* [Exercise directions] Identify all lines in the data containing the string "Musée". Copy them out.

* [Exercise data]
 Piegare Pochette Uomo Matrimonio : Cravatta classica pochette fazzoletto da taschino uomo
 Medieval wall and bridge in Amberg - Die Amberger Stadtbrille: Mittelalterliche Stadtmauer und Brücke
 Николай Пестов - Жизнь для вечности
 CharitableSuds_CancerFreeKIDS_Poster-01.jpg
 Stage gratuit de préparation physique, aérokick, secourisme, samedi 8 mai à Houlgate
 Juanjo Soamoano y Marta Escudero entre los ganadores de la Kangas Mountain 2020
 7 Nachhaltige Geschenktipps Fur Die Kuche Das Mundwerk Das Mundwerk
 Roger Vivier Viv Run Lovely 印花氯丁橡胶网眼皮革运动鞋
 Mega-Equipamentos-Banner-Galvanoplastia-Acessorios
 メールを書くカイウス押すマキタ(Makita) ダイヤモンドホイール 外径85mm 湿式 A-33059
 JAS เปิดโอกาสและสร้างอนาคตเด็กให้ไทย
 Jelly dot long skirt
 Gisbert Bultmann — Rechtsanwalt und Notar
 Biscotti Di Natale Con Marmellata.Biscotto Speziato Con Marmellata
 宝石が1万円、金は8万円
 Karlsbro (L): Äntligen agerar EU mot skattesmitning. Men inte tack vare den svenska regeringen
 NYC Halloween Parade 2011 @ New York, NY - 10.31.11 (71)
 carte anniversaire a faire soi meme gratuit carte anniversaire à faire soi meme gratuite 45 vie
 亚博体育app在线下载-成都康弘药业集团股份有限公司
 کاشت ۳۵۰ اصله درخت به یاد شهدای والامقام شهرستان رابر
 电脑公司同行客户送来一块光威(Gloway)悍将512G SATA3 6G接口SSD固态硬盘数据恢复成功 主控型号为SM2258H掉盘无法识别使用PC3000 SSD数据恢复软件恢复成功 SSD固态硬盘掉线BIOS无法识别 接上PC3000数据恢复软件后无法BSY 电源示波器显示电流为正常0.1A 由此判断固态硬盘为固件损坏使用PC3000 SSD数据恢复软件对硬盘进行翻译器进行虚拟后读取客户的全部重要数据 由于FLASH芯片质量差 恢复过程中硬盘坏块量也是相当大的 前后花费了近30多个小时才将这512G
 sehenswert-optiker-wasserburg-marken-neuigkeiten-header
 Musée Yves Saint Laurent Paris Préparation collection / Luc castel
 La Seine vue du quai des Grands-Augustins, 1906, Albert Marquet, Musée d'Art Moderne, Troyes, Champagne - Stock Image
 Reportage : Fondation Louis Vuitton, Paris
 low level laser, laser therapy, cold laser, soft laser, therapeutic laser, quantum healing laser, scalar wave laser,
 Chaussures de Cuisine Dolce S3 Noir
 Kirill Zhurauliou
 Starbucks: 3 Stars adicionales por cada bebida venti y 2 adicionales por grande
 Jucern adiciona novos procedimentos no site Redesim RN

* [Completed task]
 Musée Yves Saint Laurent Paris Préparation collection / Luc castel
 La Seine vue du quai des Grands-Augustins, 1906, Albert Marquet, Musée d'Art Moderne, Troyes, Champagne - Stock Image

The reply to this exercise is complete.